Мерзавец расплылся от уха до уха.
— Не попросишь.
Фиона прищурилась.
— Ты слишком уверен в себе.
— Тогда тебе придется довольствоваться жалкой заменой. — От пламени, горевшего в его глазах, у Фионы подкосились колени. — Мне показалось, что ты предпочтешь страстную ночь.
— Следить за тем, как тебя вытащат из номера два дюжих полицейских, будет еще приятнее.
Сэм хихикнул.
— Не-а.
Фиона, с трудом удержавшись от улыбки, фыркнула, подошла к креслу с высокой спинкой и села. На круглом столике красного дерева стояла ваза с дюжиной бледно-розовых роз. Когда она уходила из номера, цветов здесь не было.
— Не думай, что розы достаточная компенсация за мой испуг. — Фиона вынула из вазы цветок и вдохнула его аромат. — И все же, как ты попал в мой номер? — с любопытством спросила она.
— Тебя не было, поэтому я заказал розы, надеясь, что их тут же доставят в номер.
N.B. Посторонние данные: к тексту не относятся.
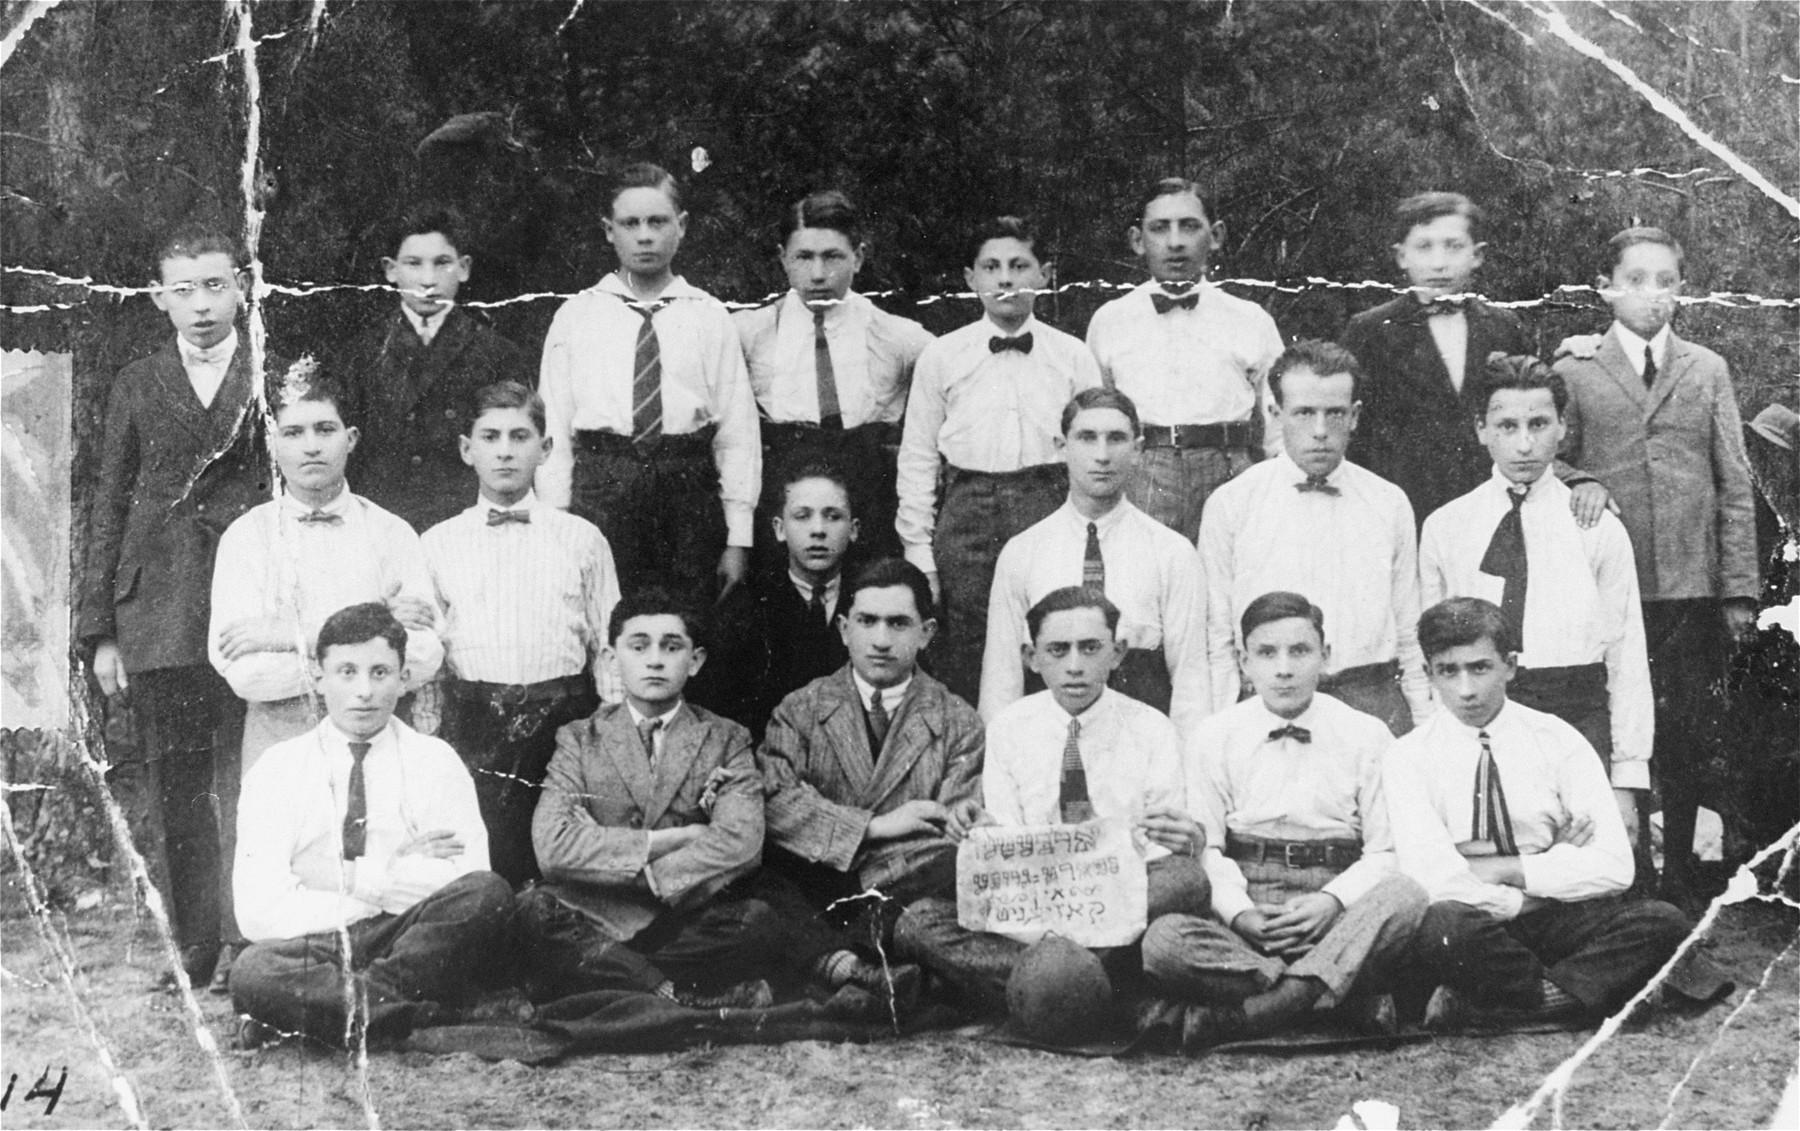 "Group portrait of members of the Bund socialist youth movement in Kozienice.  The Yiddish sign reads: ""Workers' sports group in Kozienice.""  Among those pictured are: Shlomo Huberman, Matl Steinboim, Israel Herman, Moshe Kahan, Shalom Blaunis, Daniel Weinberg, Yankel Weinberg, Gedalia Weinberg, Michael Rogal, Ezra Arbeitman, Chaim Hartman, Leibush Zaterman and Binem Provisor."

Так и получилось. Я прошел за коридорным, дождался, когда он уйдет, и вошел в номер, словно живу здесь. — Он слегка нахмурился. — Этот тип пытался выклянчить у меня чаевые.
Голый, хитрый и нахальный. Убийственное сочетание для влюбленной по уши женщины.
— Я думала, что есть закон, который это запрещает, — сурово сказала Фиона, не желая льстить его самолюбию.
Лоб Сэма прорезала морщина.
— Если такого закона нет, его следовало бы выдумать, — серьезно сказал он. — Это оказалось слишком легко.
Она повертела розу в пальцах.
— Похоже, придется позволить тебе остаться. В конце концов, на тебе нет никакой одежды, а на улице идет дождь.
— Да. Я наверняка простужусь.
— Хуже. — Фиона встала и пошла к нему. — Заболеешь пневмонией.
Сэм снова улыбнулся.
— И тебя будет мучить совесть.
— Интересно, что с тобой делать, раз уж ты здесь? — Она осторожно откинула простыню и ахнула.
Сэм схватил ее за руку и притянул к себе. Не успела Фиона прийти в себя, как оказалась лежащей навзничь.
— Если ты постараешься, то что-нибудь придумаешь, — прошептал он ей на ухо.
Фиона обвила его руками и прижала к себе.
— Мне сейчас не до мыслей.
ГЛАВА ДЕСЯТАЯ
Когда через четыре часа любовники пришли в себя, наступил вечер. Шторм, наконец, закончился, и они решили сходить пообедать. Итальянский ресторан со свечами, и негромкой музыкой (пел Фрэнк Синатра) оказался очаровательным.